Pure Tool (standard MCP)
Pure Code-as-MCP
A dual-path execution model using both Tool and Code

The results were very straightforward.

Pure Tool systems eventually get dragged down by context.

Pure Code systems are more accurate, but latency grows very quickly.

The only thing that stayed stable was a dual-path execution model:

Tool handles the control plane
Code handles the data plane
A small “Context Off-Ramp” switches between them

This article is mainly about why this structure emerged, and how we eventually got it working reliably.

1. Why Pure Tool and Pure Code Both Start Breaking Down

In the previous article, we already separated MCP (Tool-based execution) and Code-as-MCP along two dimensions:

how actions are represented
when validation happens

At small scale, these differences barely matter.

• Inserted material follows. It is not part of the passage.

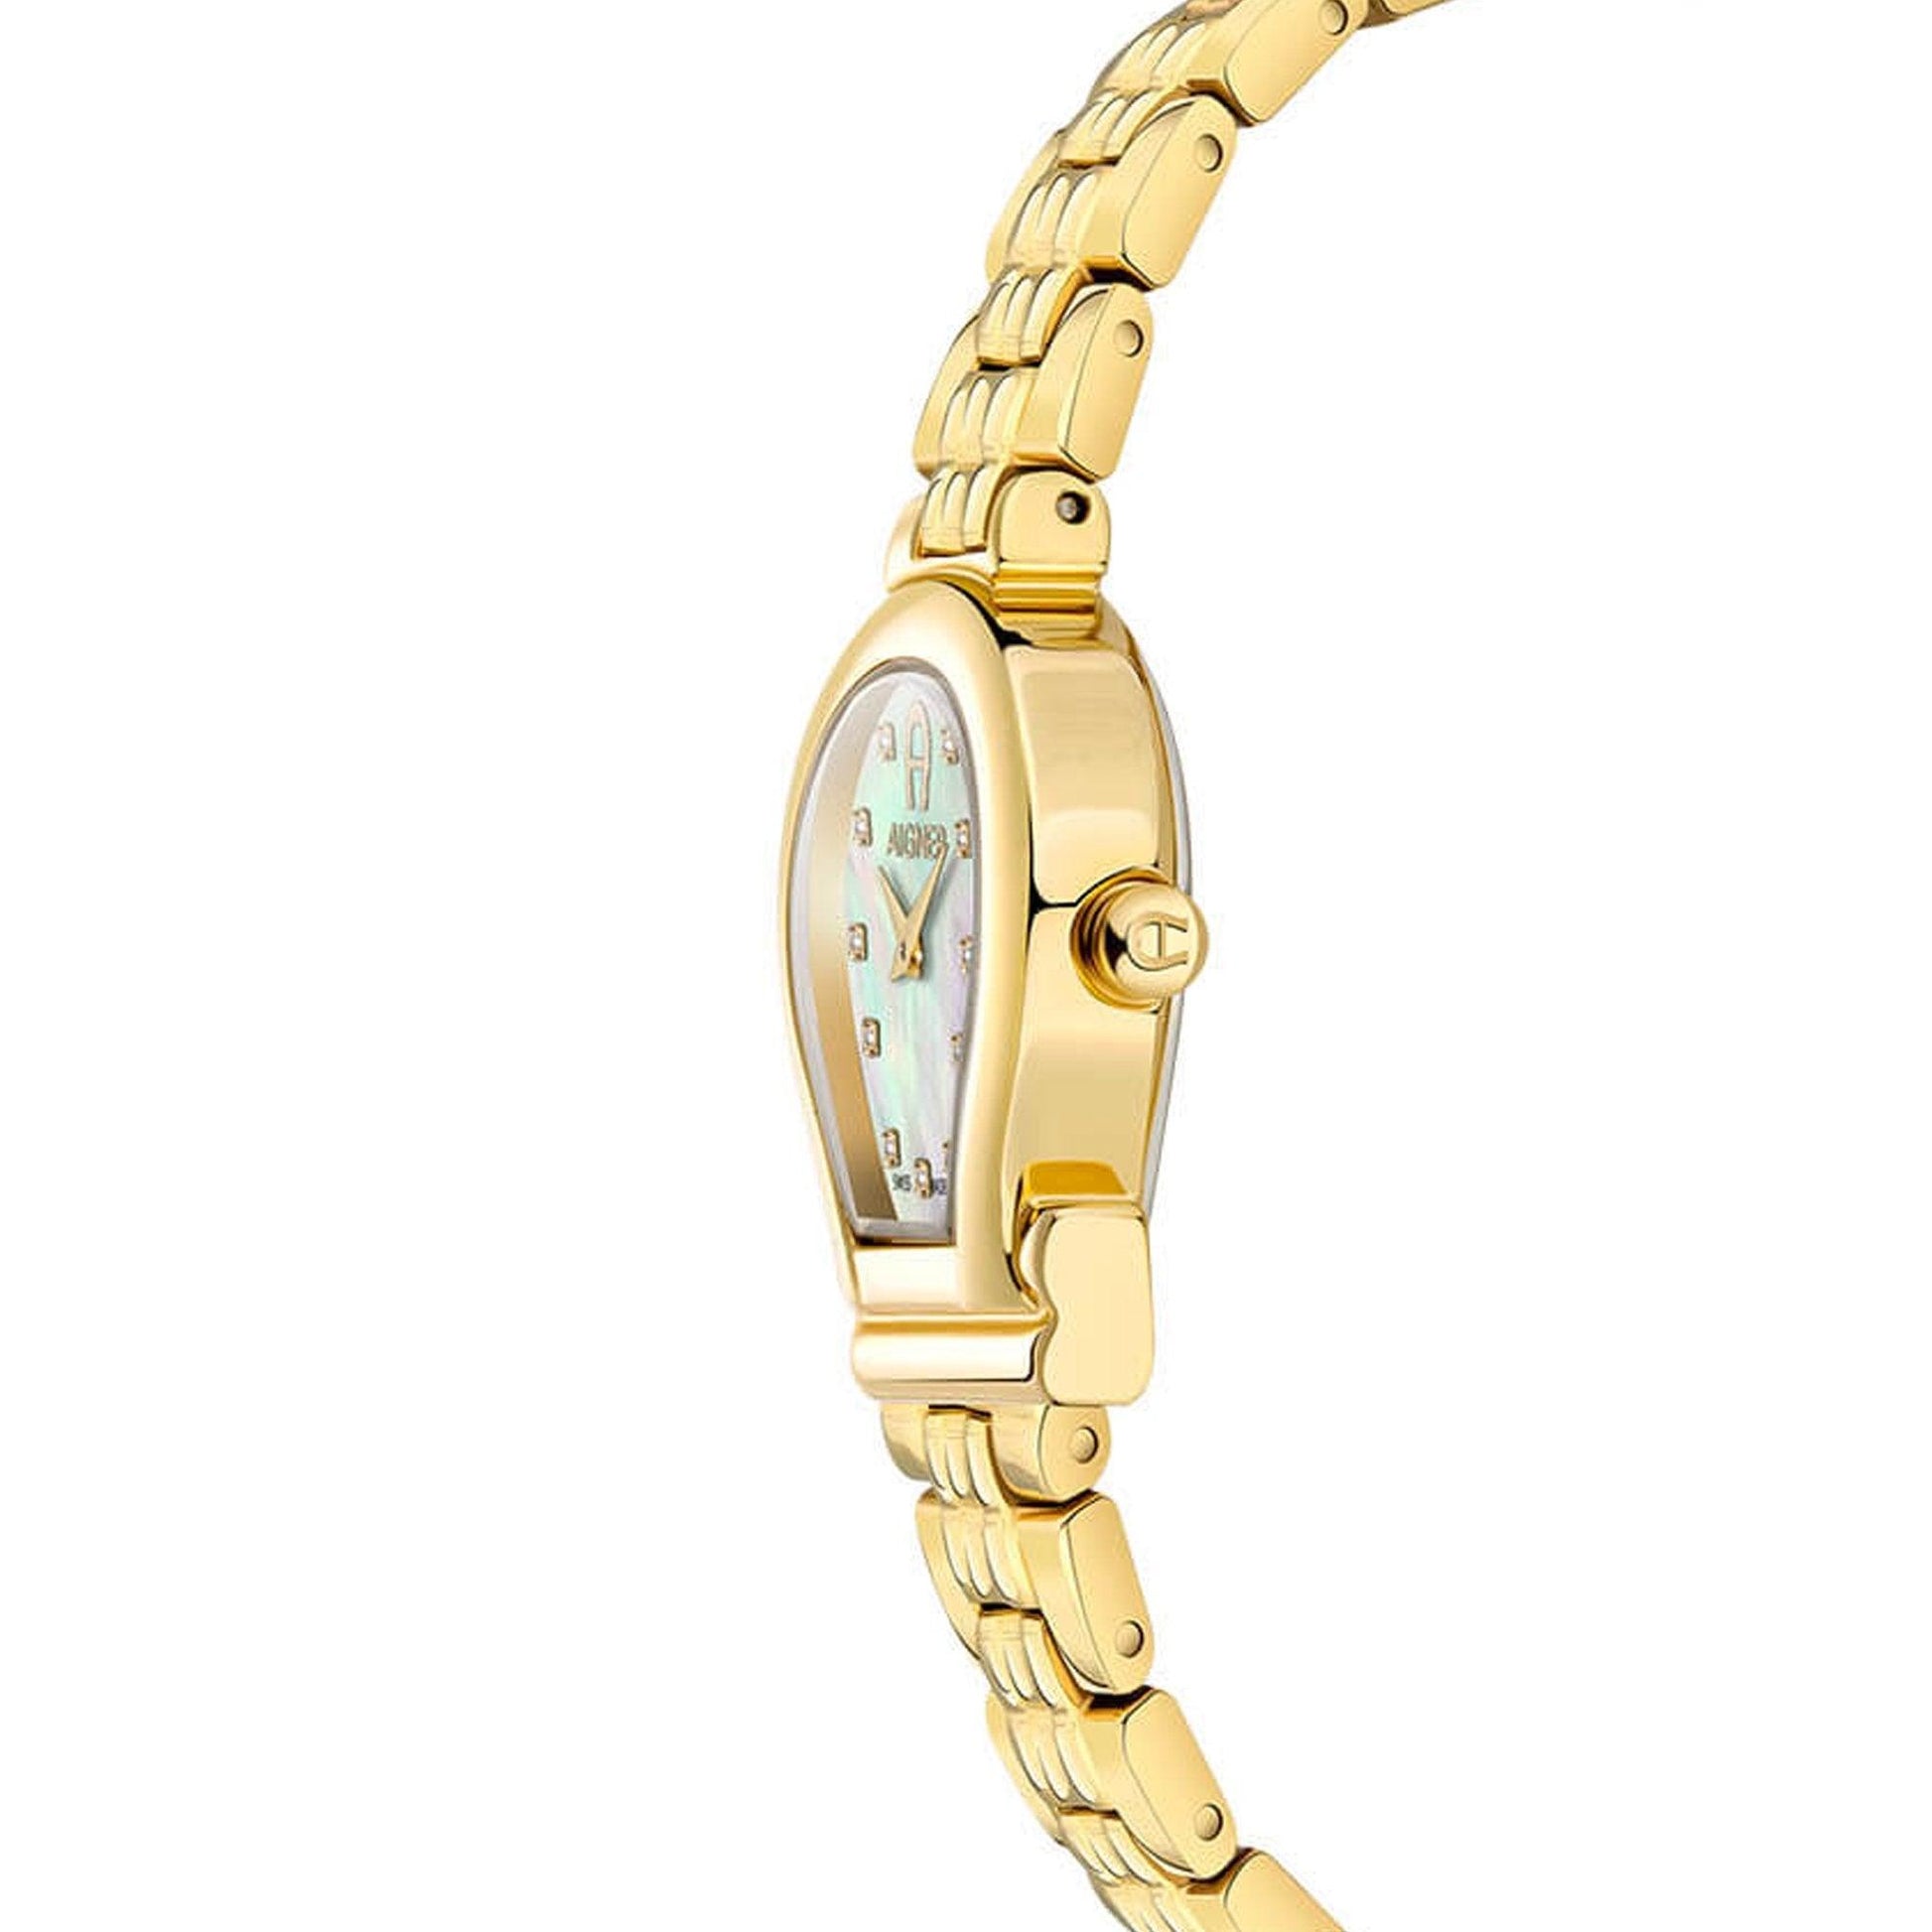 Aigner Tivoli A167206 orologio donna al quarzo - Kechiq Concept Boutique

But once system complexity keeps increasing, the problems start appearing in very non-linear ways.

Eventually we kept running into two recurring “cost cliffs.”

The Tool Problem: Context Starts Maintaining Itself

At first we strongly preferred Tools.

They naturally fit things like:

schema validation
permission control
UI operations
state mutation
auditable actions

A lot of operations should obviously be Tools:

deleting objects
modifying state
scaling down deployments
executing trades

Giving those operations to free-form generated code significantly increases risk.

The problem is that most Tool systems implicitly assume the returned data will stay relatively small.

In production environments, that assumption breaks very quickly.

For example:

“List all anomalous entities in the current dataset.”

The task itself is not complicated.

The real problem is that it may return thousands or tens of thousands of records at once.

Once those results are serialized directly into context, things start falling apart very quickly.

In one experiment we saw a single Tool response exceed 500K tokens.

The real problem was not cost.

The Agent itself started entering a very strange state:

response times became noticeably slower
tool loops increased
prompt constraints started fading
the original task drifted
later data started overriding earlier goals

At some point, the system was no longer “thinking about the task.”

It was trying to maintain the context itself.

This became one of the clearest behaviors we observed.

Tools were originally designed for precise control.

But in high-data environments, they gradually become the primary source of context pressure.

The Code Problem: Most Time Goes Into “Getting the Code to Run”

Later we tried the opposite extreme.

If Tools explode the context window, should everything just become code execution?

That did not work particularly well either.

A lot of tasks are fundamentally atomic operations.

For example:

“Select object #42.”

That operation is really just a deterministic state mutation.

But if the Agent has to:

generate code
call the sandbox
execute it
inspect results
fix failures

the entire system starts paying additional cost for flexibility.

And much of that cost has very little to do with the actual business logic.

In pure Code systems we repeatedly saw problems like:

code generation itself taking too long
dependency issues increasing
sandbox debugging loops growing
Agents generating complex logic for tiny operations

Accuracy improved significantly.

But latency also increased significantly.

A surprising amount of time was spent simply getting the code to run successfully.

This is one of the most common problems with pure Code Agents.

They are extremely flexible.

But many operations that should have been a single Tool call end up expanding into an entire execution chain.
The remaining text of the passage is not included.